Senate Democrats on Wednesday are working on short-term spending bill that would fund the government through December 3 and avoid a government shutdown Thursday at midnight. They have dropped the proposed debt ceiling increase in order to gain Republican support and reach the required 60-votes for it to pass.

“We’re not asking Republicans to support raising the debt ceiling,” Senate Majority Leader Chuck Schumer said during a floor speech Wednesday.

“About whether Republicans would support a clean continuation of funding, the answer is there would be a lot of votes for that,” Sen. Patrick J. Toomey (R-Pa.), the top Republican on the Senate Banking, Housing, and Urban Affairs Committee, told CNN on Sunday.

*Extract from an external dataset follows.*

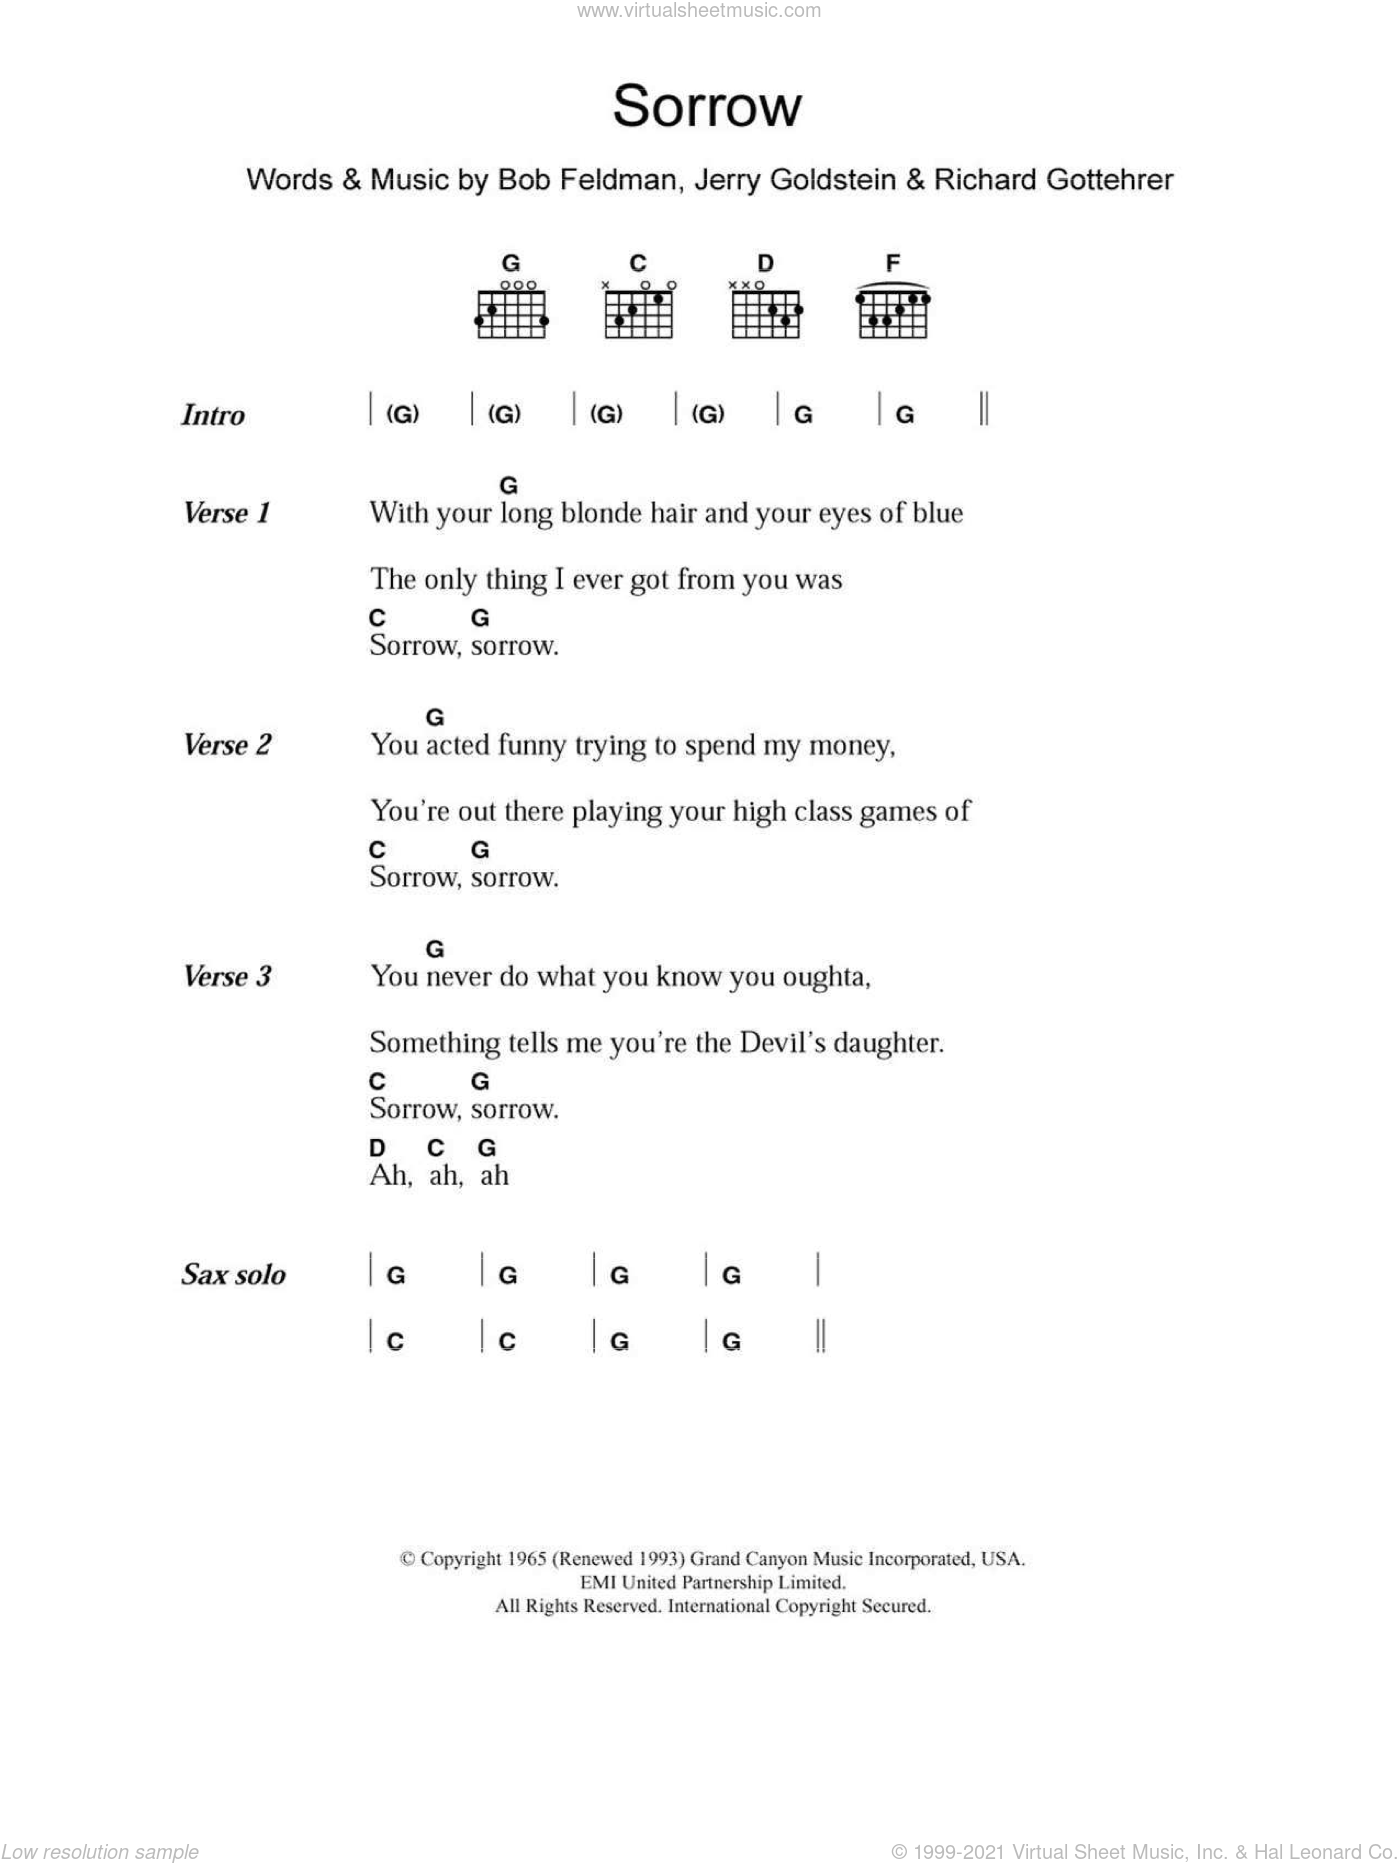 Sorrow sheet music for guitar (chords) by David Bowie, Bob Feldman, Jerry Goldstein and Richard Gottehrer, intermediate skill level

The bill – known as a continuing resolution on Congress – would then have to go back to the U.S. House, where it passed along party lines last week.

“Democrats control the United States House of Representatives, the United States Senate, and the White House,” said Rep. Kai Kahele (D-Hawaii). “There is absolutely no reason why we should have a government shutdown on Thursday.”

House Speaker Nancy Pelosi (D-Calif.) is still pledging to hold a key vote on the $1.2 trillion infrastructure package on Thursday. That is despite pushback from some members of the Congressional Progressive Caucus who want an agreement on the $3.5 trillion social safety net bill before voting on the physical infrastructure piece first.

“Things are very fluid right now,” Kahele said. “But, I feel confident that we will be able to pass both.”

A small number of moderate Republicans are expected to support the infrastructure package, but right now that number is too small to offset Democrats who are pledging not to vote for it.”

“That $1.2 trillion bill, I’m very supportive of,” said Rep. Tom Reed (R-N.Y.). “And I look forward to doing my part to encouraging my colleagues on the Republican side to support that.”